Produce an exact copy of all the data below, dropping every image.

(DATA EXCERPTS begins)

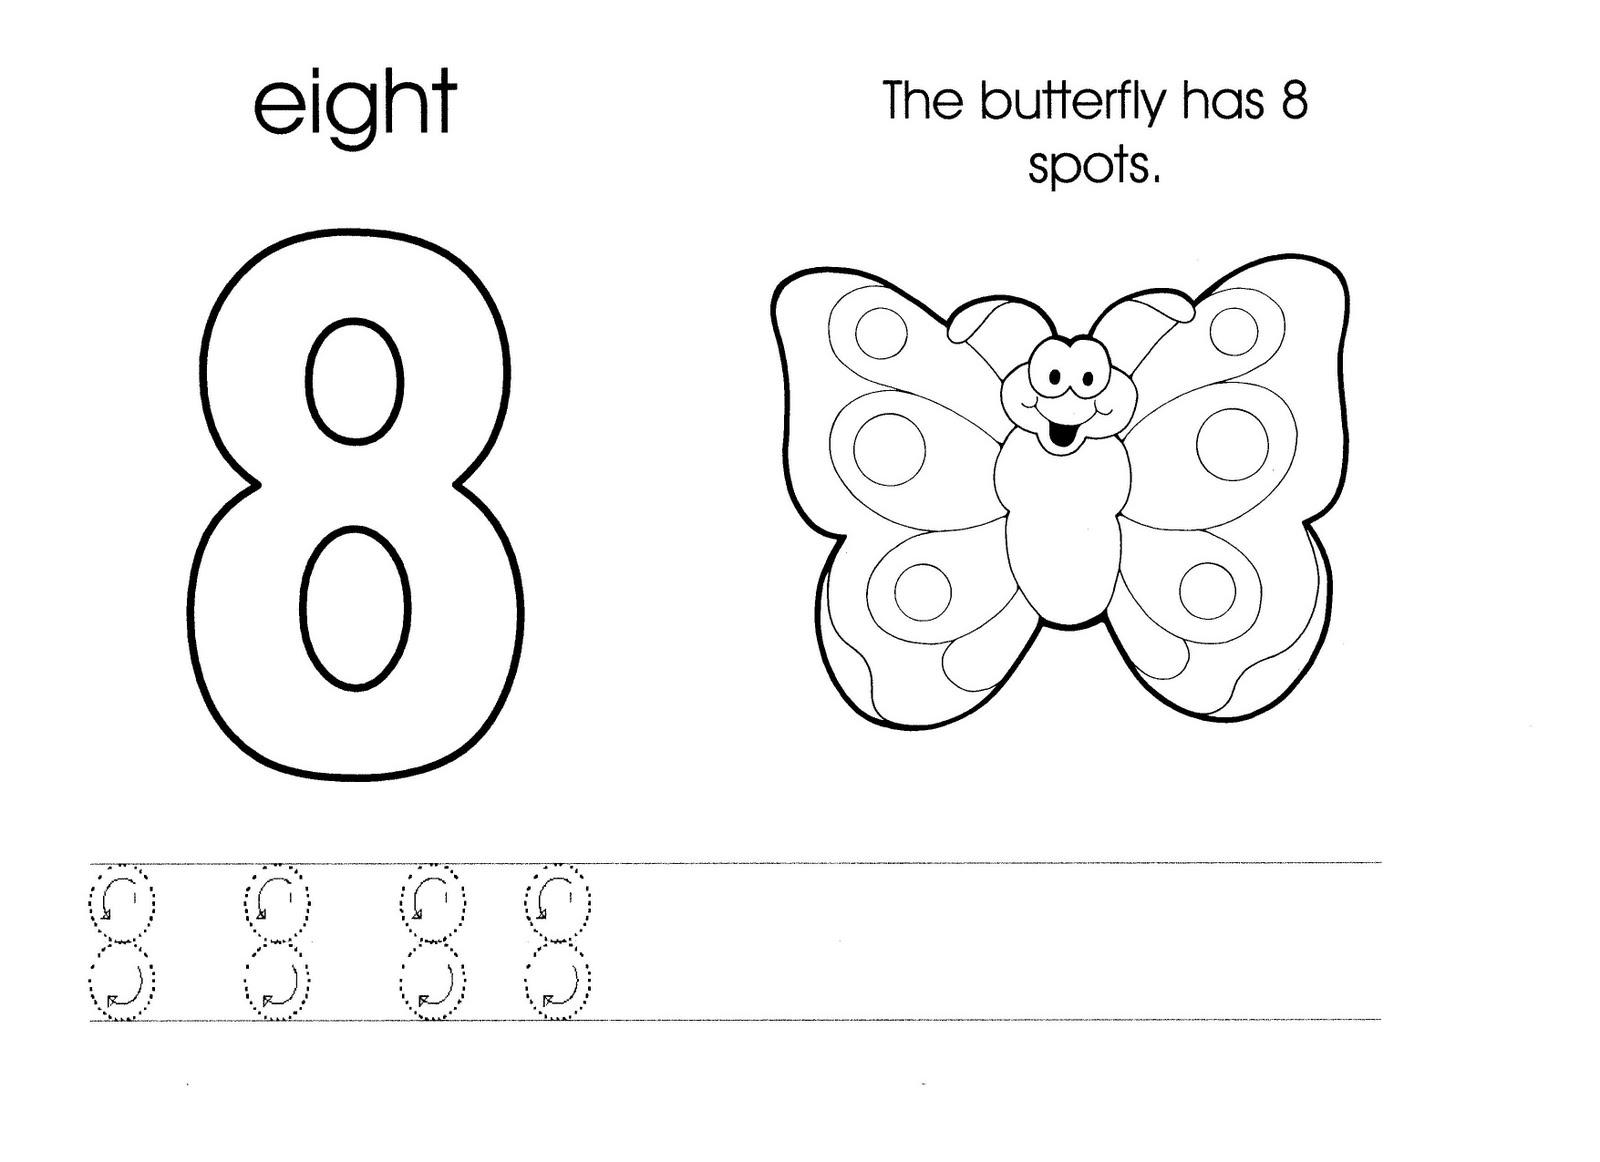 Preschool Playbook: Adding 6, 7, And 8
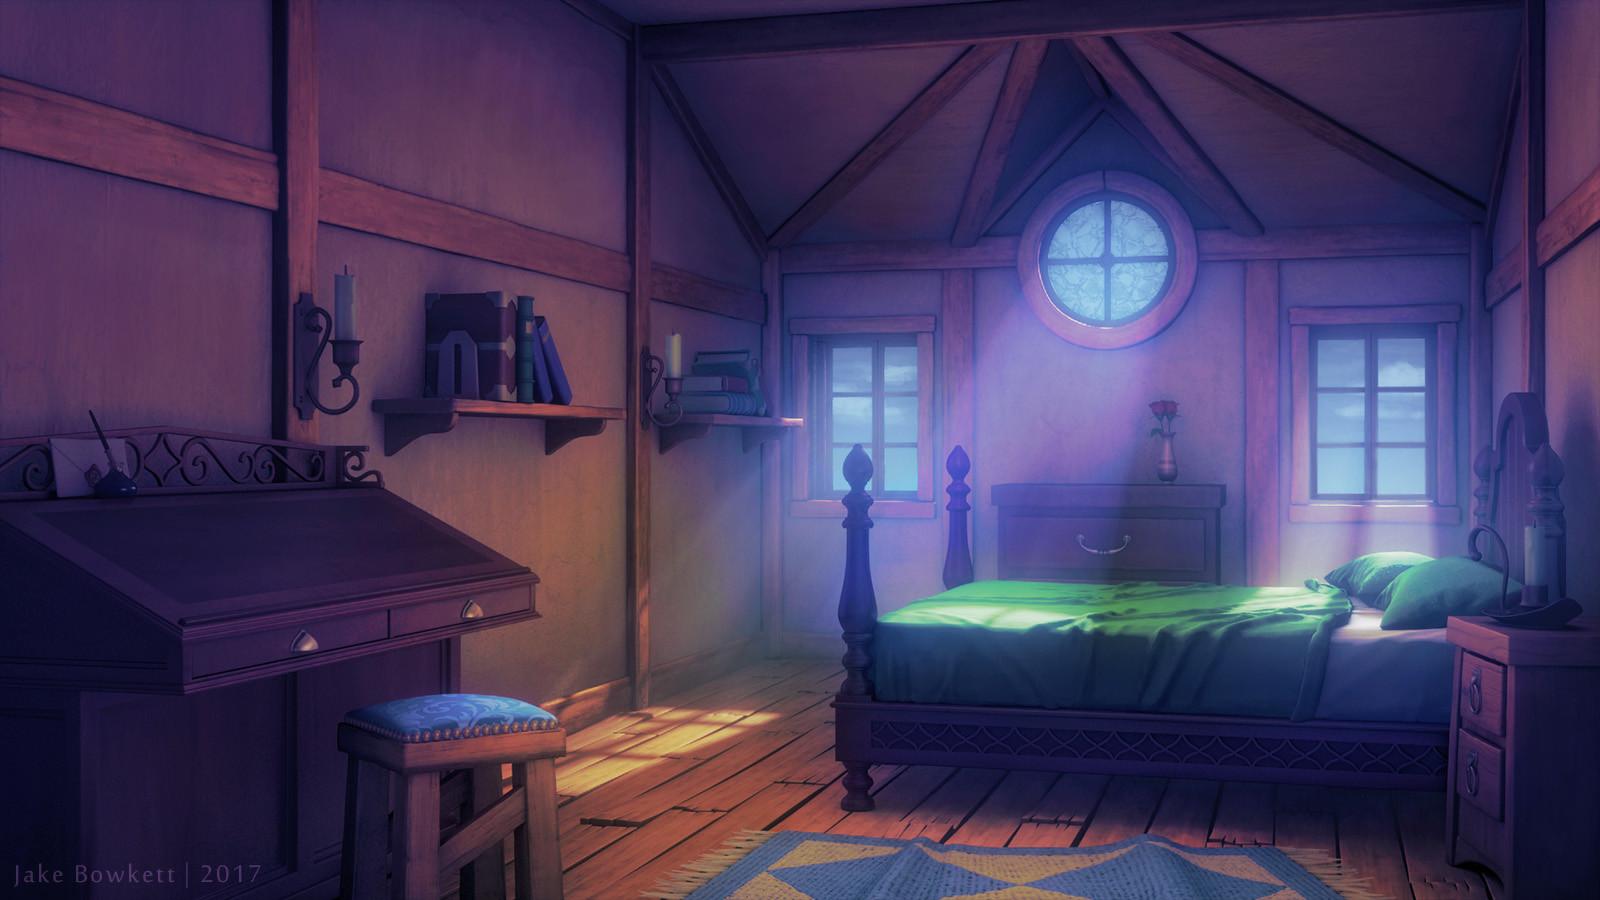 Riromendova usušuova velika kuca  Jake-bowkett-bedroom-morning-by-jake-bowkett
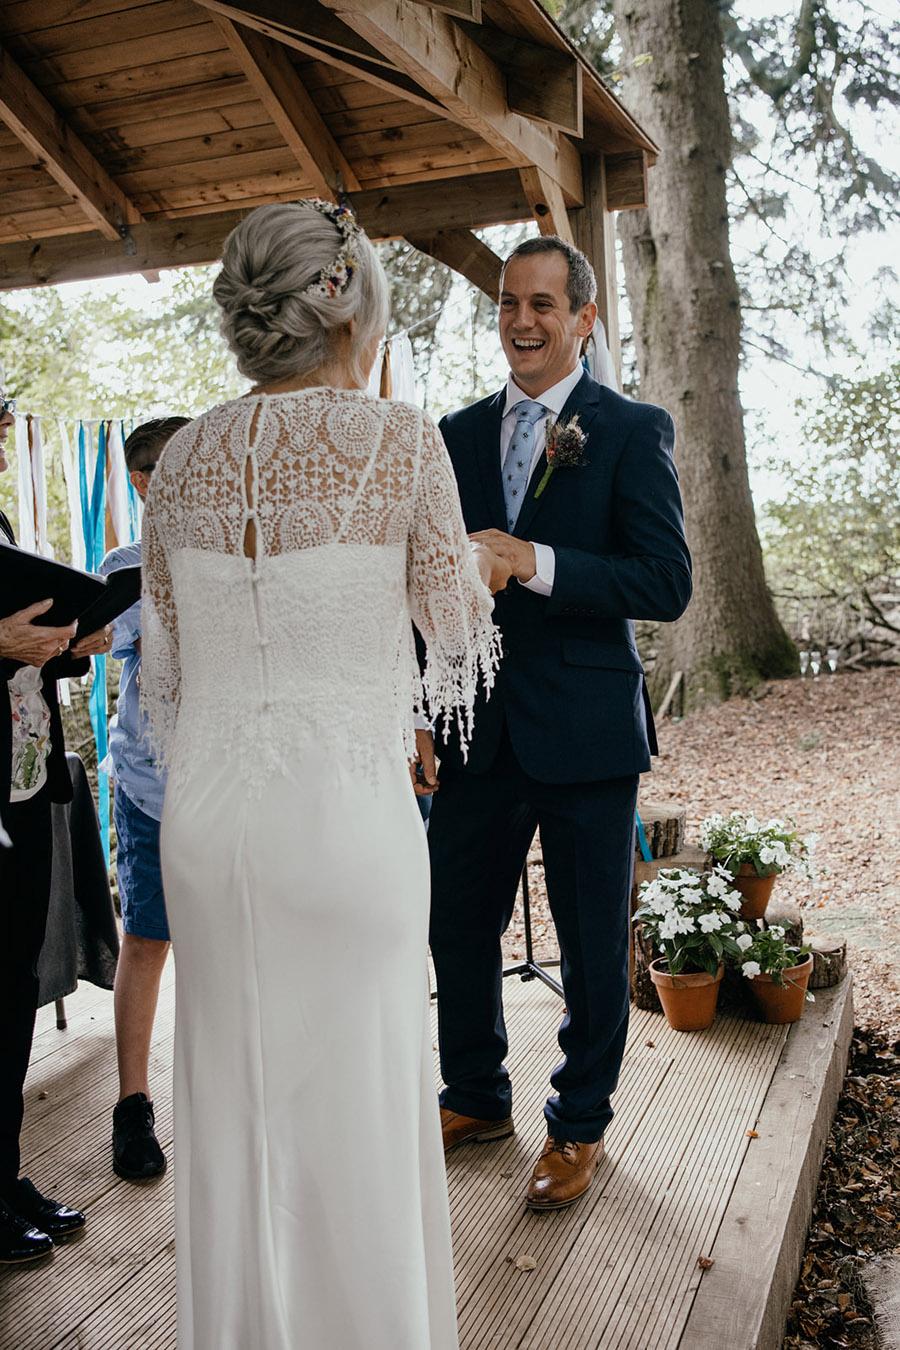 Laura & Dicky's amazingly creative tipi wedding, with Ellen J Photography (10)
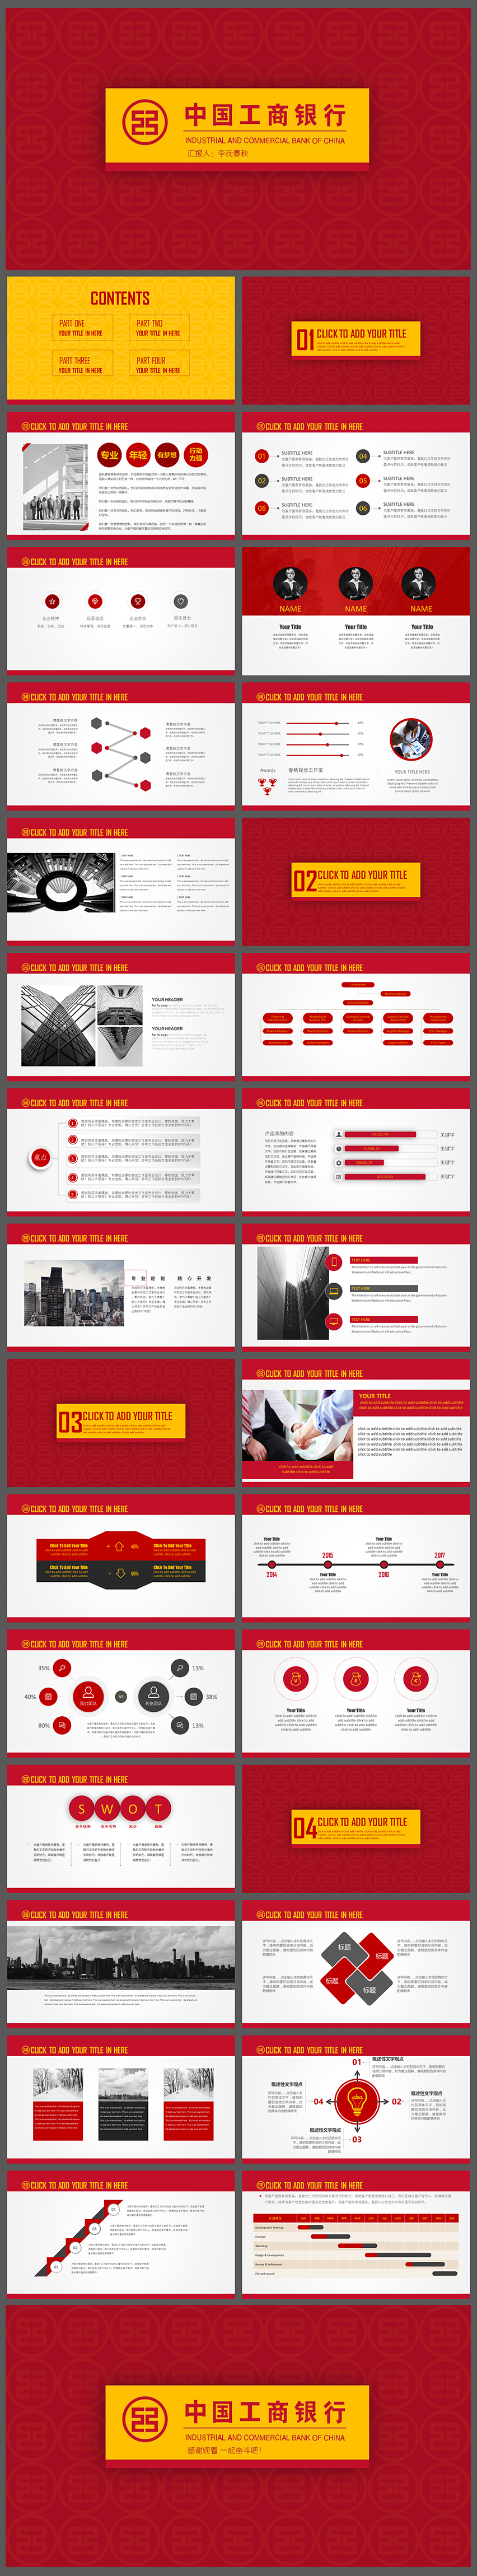 "ppt模板金融理财工行工商银行ICBC中国工行系统PPT"""
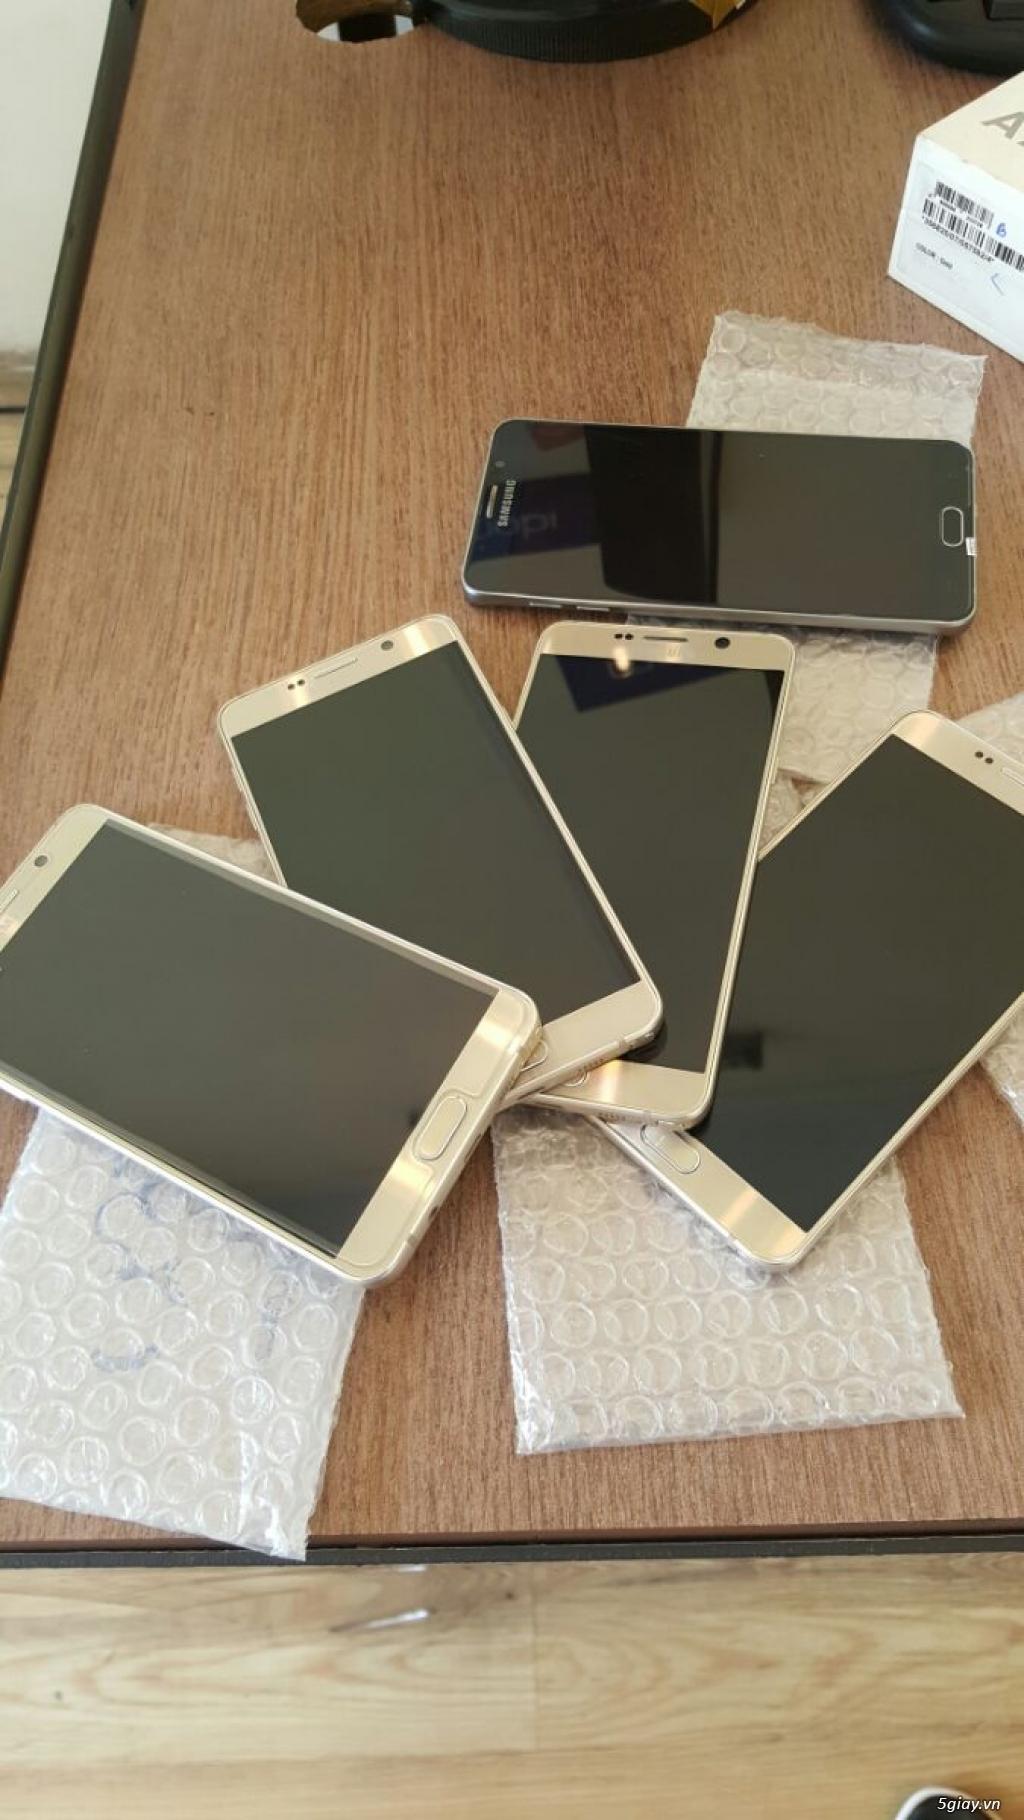 sale off SAMSUNG NOTE 5, S6 edge , A7 2016, NOTE 4, NOTE 3, LG 3 hàng quốc Pin zin các dòng samsung - 4

(DATA EXCERPTS ends)

### ANSWER BOX
 Preschool Playbook: Adding 6, 7, And 8
 Riromendova usušuova velika kuca  Jake-bowkett-bedroom-morning-by-jake-bowkett
 Laura & Dicky's amazingly creative tipi wedding, with Ellen J Photography (10)
 "ppt模板金融理财工行工商银行ICBC中国工行系统PPT"""
 sale off SAMSUNG NOTE 5, S6 edge , A7 2016, NOTE 4, NOTE 3, LG 3 hàng quốc Pin zin các dòng samsung - 4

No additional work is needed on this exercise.